Not sure. All I know is that you cannot do anything about this so it is what it is. Reducing the core voltage can sometimes help reduce power consumption a watt or two which can help avoid power limit throttling. This means your CPU is able to run a little faster. Not a huge difference but every little bit helps the cause. It makes me full good when I know a laptop is dialed in and running as good as it can.


----------



## NathanJ95 (Sep 5, 2021)

So I didn't see your reply on reducing core voltage by 25mV until just now but I did do -10mV. Ran TSBench to check stability and it seemed OK. So i ran Cinebench and found the results interesting. I was at 100 percent CPU and 47.2W with no PL2 throttling. It went down to 45W and immediately started power throttling and continued to do so for the rest of the test. Just curious how it could go to 47.2W if it is locked at 45W?

Also my Cinebench score went from 1996pts to 2008pts just by reducing core another 10mV. 



unclewebb said:


> It makes me full good when I know a laptop is dialed in and running as good as it can.



Me too! And I want to say thanks again for reading my posts and caring to leave detailed replies. Helps a lot!


----------



## unclewebb (Sep 5, 2021)

NathanJ95 said:


> how it could go to 47.2W if it is locked at 45W?


Intel CPUs have a short term and a long term power limit. For a short period of time, your computer can go beyond 45W but in any long term test, it will be limited to 45W. 

Long term, the CPU is forced to slow down so it does not exceed 45W.

Try -120 mV cache and -175 mV core. I would also set the turbo ratios back to their default values of 41, 41, 40, 40. That might be worth a few more Cinebench points.


----------



## NathanJ95 (Sep 11, 2021)

I feel like temperatures have been higher since under-volting. I played some Warzone to test, and with fans set to max through Nitrosense I was 93-95C the entire 15-20 minutes of play. The attached log will show this. Just wondering if this should just be expected with these laptops and just use it until it quits or if I need to go through the trouble to thermal paste it. Maybe there is a tweak in ThrottleStop that would help some?

I was getting BSOD with -115mV cache so I brought it back to -110mV. So far everything seems pretty stable.


----------



## unclewebb (Sep 11, 2021)

NathanJ95 said:


> temperatures have been higher since under-volting


Undervolting cannot make your temperatures higher. Thermal paste that was improperly applied or if it is degrading; that is what causes your temperatures to get higher. Some pastes do not perform well long term when the CPU is constantly over 90°C like your CPU is.

The log file shows lots of TEMP messages in the far right column so your CPU is thermal throttling. This interferes with maximum performance and it interferes with smooth performance.
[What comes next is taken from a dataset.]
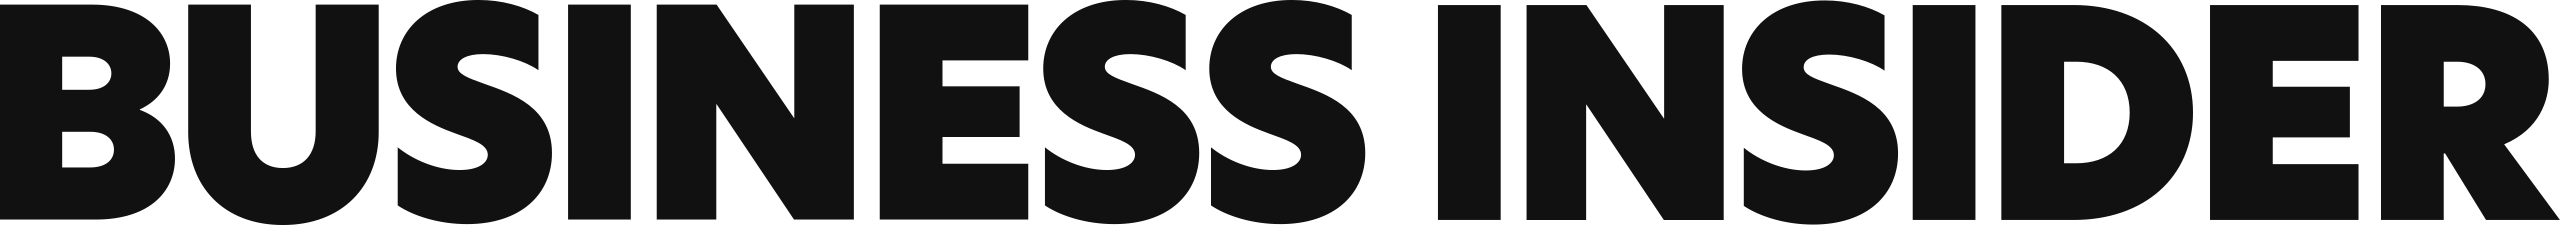 Business_Insider logo

Your ThrottleStop settings are fine. The only way to fix the throttling problem is to improve the cooling. Some laptops are poorly engineered. They might run at over 90°C even with the best paste money can buy.


----------



## NathanJ95 (Sep 11, 2021)

Bummer. Well, I guess I will just use it and try to keep it as cool as possible. I'm not sure if it will be worth trying to re-paste the Acer Nitro 5. I didn't know these "gaming" laptops had temperature issues to this degree. 

Thanks again for all your help/advice.


----------